Le plan cadastral n'est PAS un titre de propriété. C'est un document fiscal qui indique la position approximative des parcelles à des fins d'imposition. Seul le bornage (PV signé par toutes les parties) fixe juridiquement les limites de propriété. Un voisin qui vous dit « le cadastre prouve que cette bande de terrain est à moi » se trompe. Et un géomètre-expert qui s'appuie uniquement sur le cadastre sans croiser les titres de propriété fait un travail incomplet.
Le déroulement d'un bornage amiable
Le bornage est la mission la plus courante du géomètre-expert. Voici comment il se déroule :
Étape 1 — Recherche documentaire (1-2 semaines) : le géomètre-expert consulte les titres de propriété (au service de la publicité foncière), les plans cadastraux historiques, les PV de bornage antérieurs, les permis de construire et les documents d'urbanisme. Cette recherche est cruciale : elle permet de reconstituer l'historique foncier et d'identifier les indices de limites.

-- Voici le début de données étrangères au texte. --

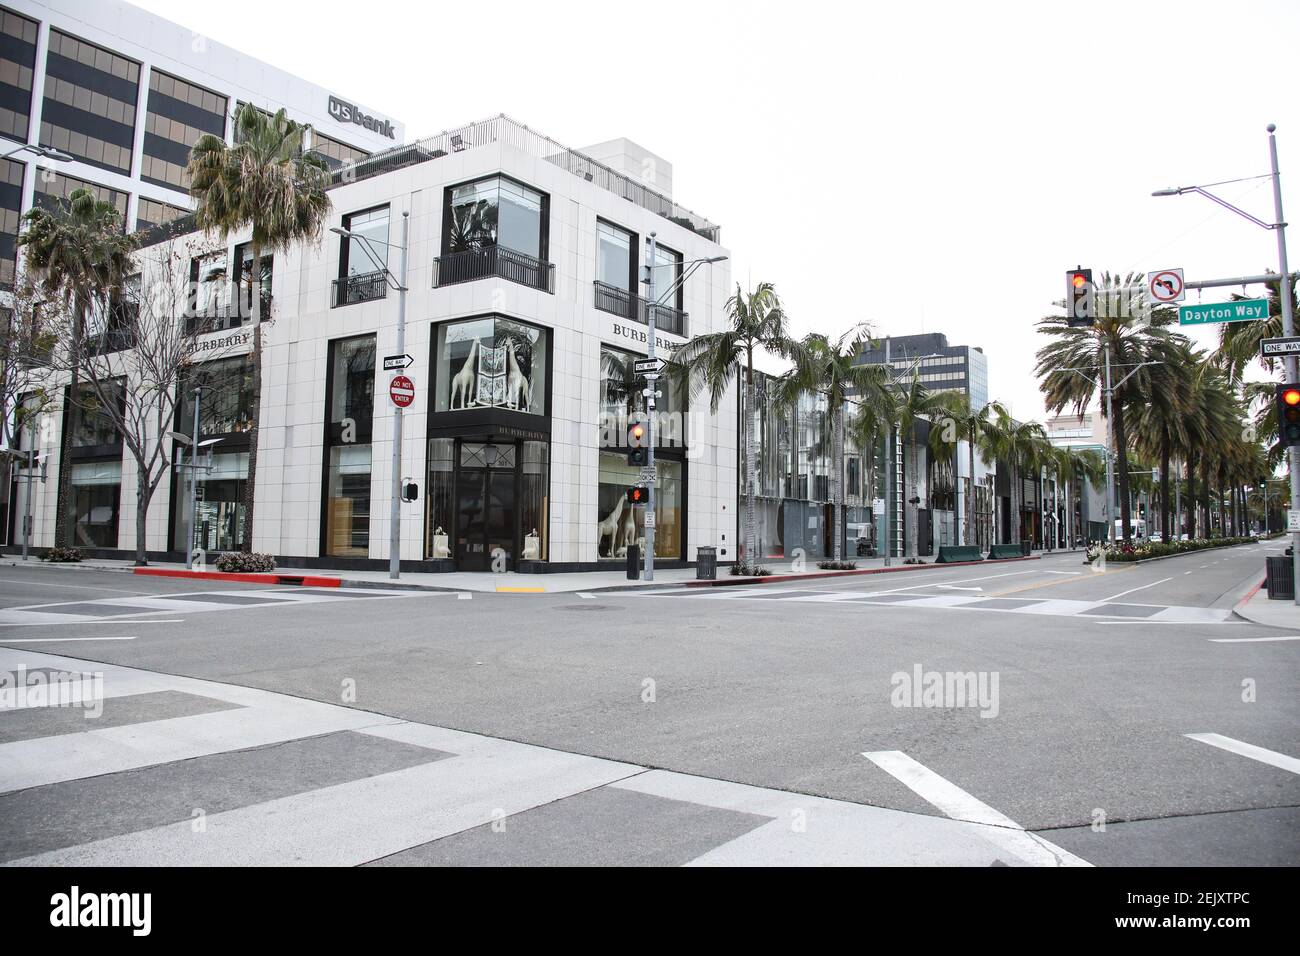 BEVERLY HILLS, LOS ANGELES, CALIFORNIA, USA - MARCH 31: A view of Burberry  Beverly Hills Rodeo Drive store on March 31, 2020 in Beverly Hills, Los  Angeles, California, United States. Los Angeles

Étape 2 — Convocation des parties : le géomètre-expert convoque tous les propriétaires riverains concernés par lettre recommandée avec AR, au moins 15 jours avant la date de rendez-vous sur le terrain. La convocation précise l'objet (bornage), le lieu et l'heure.
Étape 3 — Opération de terrain : le jour J, le géomètre-expert rencontre les parties sur le terrain. Il présente les résultats de sa recherche documentaire, examine les indices physiques de limites (clôtures anciennes, murs, haies, bornes existantes), écoute les positions de chaque partie, et propose une limite qu'il justifie techniquement et juridiquement.
Étape 4 — Matérialisation : si les parties acceptent la limite proposée, le géomètre-expert implante des bornes (repères physiques en béton, acier ou PVC) aux points caractéristiques de la limite. Les bornes sont géoréférencées (coordonnées GPS de précision centimétrique).
Étape 5 — Procès-verbal de bornage : le géomètre-expert rédige un PV décrivant la limite fixée, accompagné d'un plan de bornage côté. Toutes les parties signent le PV. Ce document a la valeur d'un contrat et engage définitivement les signataires. Il est fortement recommandé de le publier au service de la publicité foncière pour le rendre opposable aux tiers (futurs acquéreurs).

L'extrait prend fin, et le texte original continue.